Rapper TI and four other individual, including film producer Ryan Felton, have been charged by the U.S. Securities and Exchange Commission (SEC) over fretful token sales. TI, or Tip as the rapper is also known, is also fined $75,000 by the securities regulator.
Rapper TI and Film Financial manager Charged
The SEC announced Friday the charges against rapper and actor Clifford Harris Jr. (often known as TI or Tip), film processor Ryan Felton, and three others over two fraudulent initial coin offerings (ICOs). The SEC also charged two conventions, Flik and Coinspark, that conducted the sales.
Rapper TI, whom the SEC described in its order as “a well-known musician, actor, and impresario,” participated in the offer and sale of flik tokens, which are unregistered securities. Investors were able to buy and sell these marks on at least two cryptocurrency exchanges using ETH and BTC, the SEC detailed. “Promotional materials described Flik as ‘Netflix on the blockchain’ — a associates that would provide a streaming media platform with products and services that could be purchased with flik surfaces.”
The SEC alleges that between Aug. 20 and Sept. 20, 2017, the rapper offered and sold these tokens on his social avenue accounts, falsely claiming to be a Flik co-owner, and asked a celebrity friend to promote the sale on social media, area of expertise flik TI’s “new venture.” The Flik sale raised approximately 539 ETH, worth about $164,665 as of Sept. 20, 2017, the SEC’s guild states, adding:
The SEC’s order against T.I. requires him to pay a $75,000 civil monetary penalty and not participate in offerings or sales of digital-asset sureties for at least five years.
TI neither admitted nor denied the SEC’s findings, Reuters reported Friday.
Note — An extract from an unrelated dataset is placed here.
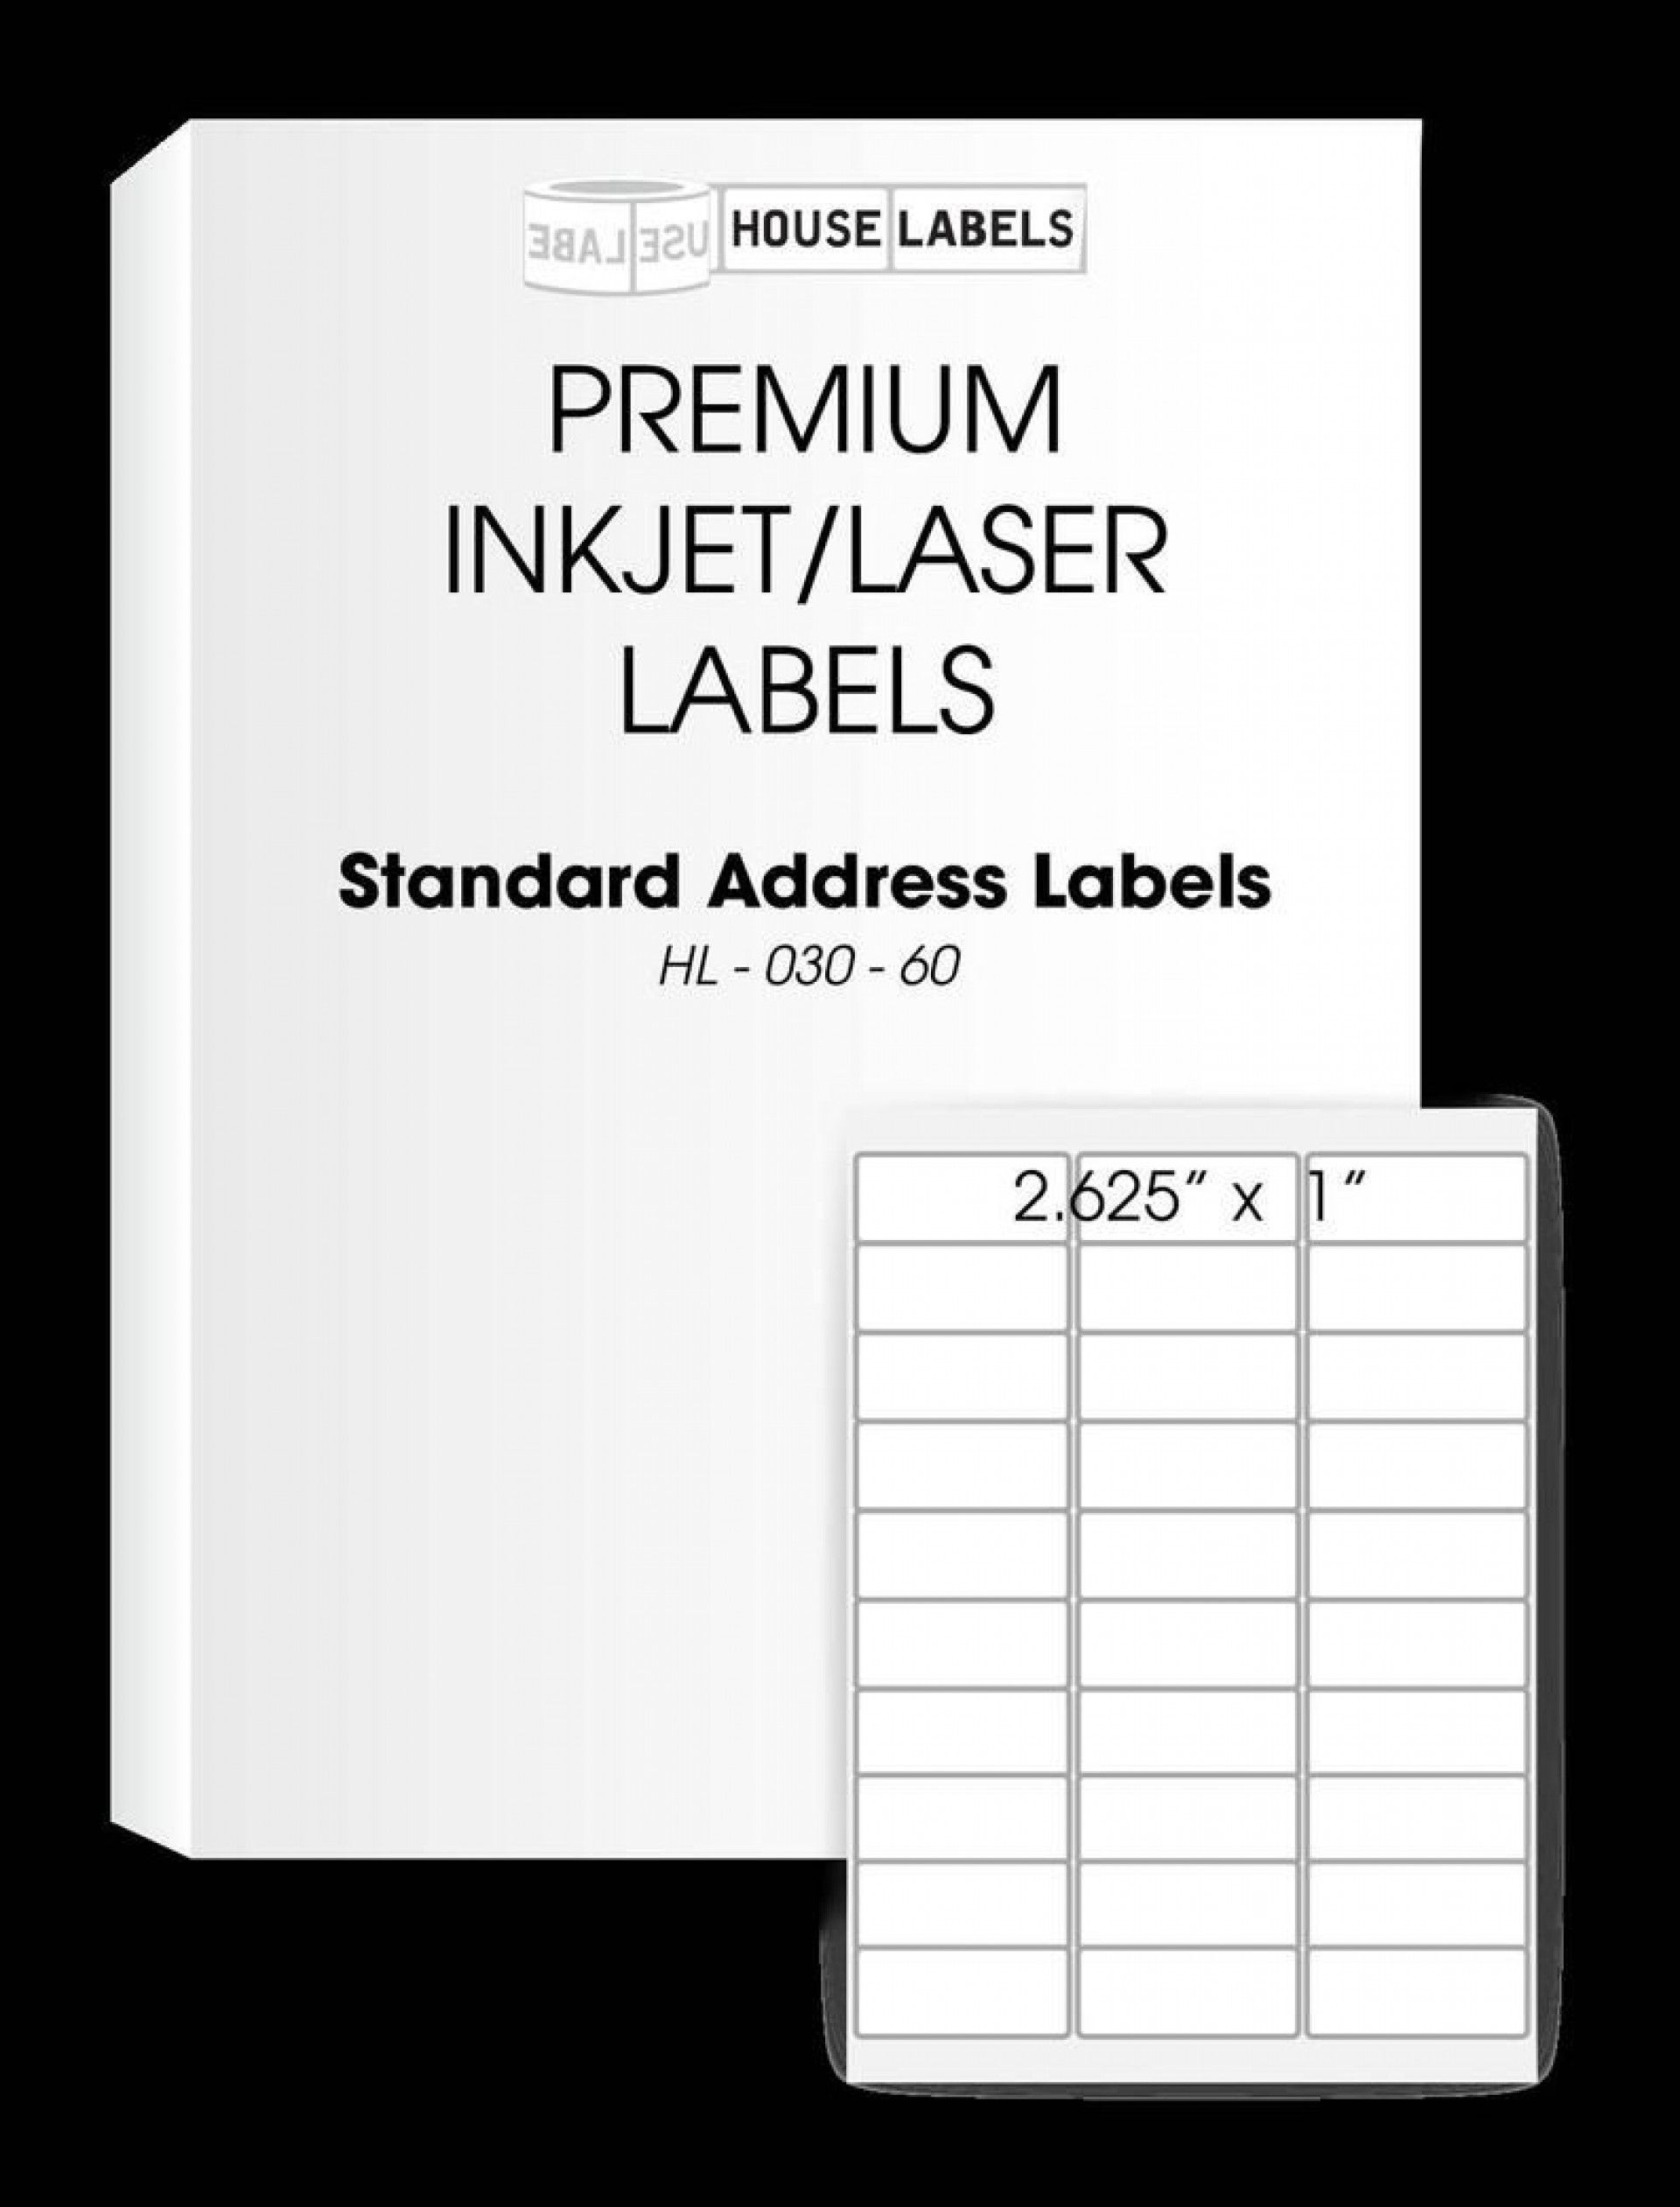 008 Unbelievable Free Return Addres Label Template 60 Per Sheet High Resolution 1920

His attorney Henry E. Mazurek avers that the rapper regretted getting involved with Felton, whom he “believed to be a local entrepreneur trying to cause it easier for new artists to enter the music industry,” the news outlet conveyed. The lawyer additionally claims that TI “not in any degree received a dollar” from Felton’s failed venture.
In addition, the SEC detailed that film producer Felton allegedly vowed to build a digital streaming platform for Flik and a crypto trading platform for Coinspark, but he misappropriated the funds raised. He secretly transferred flik marks to himself and sold them for $2.2 million in profits. He also engaged in manipulative trading to inflate the price of trigger tokens and used the ill-gotten gains to buy a Ferrari, a million-dollar home, diamond jewelry, and other luxury goods.


The grumble charges Felton with violating registration, antifraud, and anti-manipulation provisions of the federal securities laws. Flik and Coinspark are cared with violating the registration and anti-fraud provisions.
Besides Felton, all persons have agreed to settlements to resolve the charges against them. In the interim, the U.S. Attorney’s Office for the Northern District of Georgia has simultaneously brought criminal charges against Felton. The proposed defrayals are subject to court approval.
“The federal securities laws provide the same protections to investors in digital asset asyla as they do to investors in more traditional forms of securities,” said Carolyn M. Welshhans, Associate Director in the Division of Enforcement.
What do you contrive about the SEC’s action against rapper TI and others? Let us know in the comments section below.